Raft原理及其实现 Part 2
日志复制
在 MIT 6.5840 实验中, 客户端通过Start函数向所有Raft节点发送Command。
- 如果该节点不是Leader,它将立即返回 false。
- 如果节点是Leader,它将接受这个Command,将其附加到其自己的日志Log中,并启动整个复制流程。
这符合我们之前的谈到的设计,Leader负责所有的写操作。Leader在得到了集群中多数节点通过后就会Commit这个Command。同样地,节点间的通信也是通过AppendEntries RPC实现的。
Leader逻辑
- 接收上层Client的Command,将其附加到自己的日志中。
- 向其他节点发送AppendEntries RPC,将这个Command同步给其他节点。
- 如果其他Follower节点确认了请求,则说明Follower的日志和Leader的日志一致,Leader维护并更新Follower对应的nextIndex和matchIndex。
- 此处如果响应了False,则存在三种情况,具体逻辑可以先按住不表:
- The Follower’s log is shorter than the Leader’s log, the Leader decrements the nextIndex to XLen.
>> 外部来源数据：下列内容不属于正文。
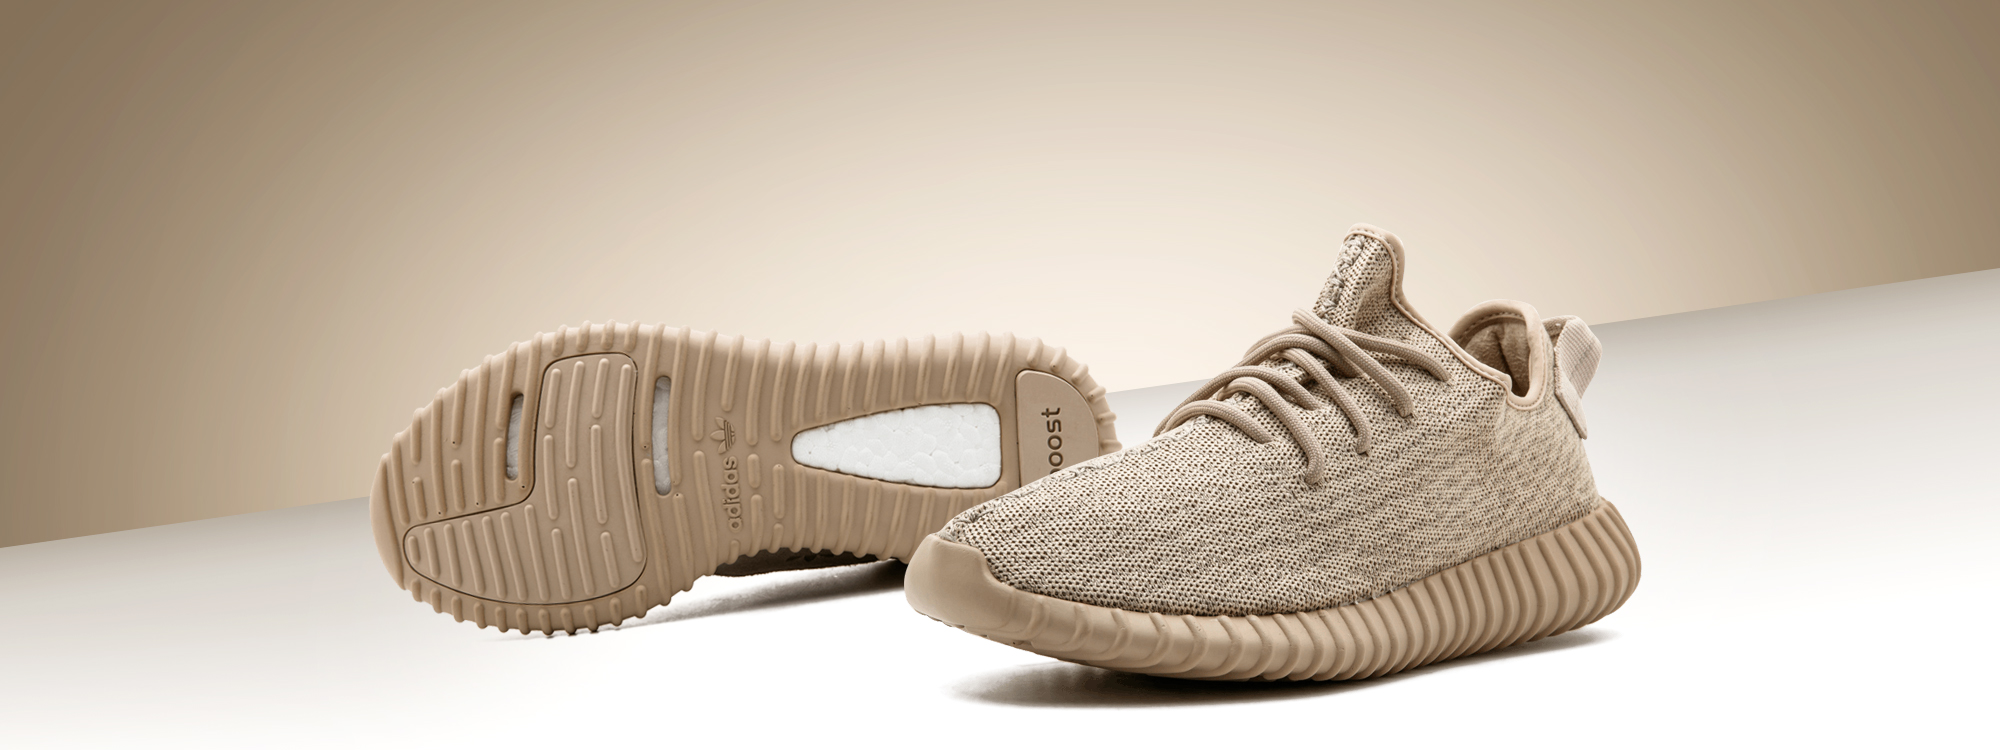 real cheap  Yeezy Boost  350 Oxford Tan for sale

- The Follower’s log contains an entry with a different term (Xterm) at PrevLogIndex, it sets its nextIndex to the last index of the conflicting term in leader’s logs plus 1.
- However, if the Leader doesn’t have the entry with the conflicting term, it sets the nextIndex to XIndex.
- 此处如果响应了False,则存在三种情况,具体逻辑可以先按住不表:
Follower逻辑
- 接收Leader的AppendEntries RPC,更新心跳时间,验证任期Term并在必要时更新任期。(注意改点很重要,同步也是在选举后进行的,此时必须保证接收到的RPC附带的任期和自己的任期一致,排除收到过期消息的可能)
- Folllower做日志一致性的检查,检查自己的
log[PrevLogIndex]的日志是否和PrevLogTerm(Leader发过来的)一致,此处也会引出如下情况:- If the Follower’s log is shorter than the Leader’s log, it returns Success = False, Xterm = -1,and XLen = log length.
- If the term of the log entry at PrevLogIndex does not match PrevLogTerm, the Follower identifies the conflicting term and the index of the first entry with that term.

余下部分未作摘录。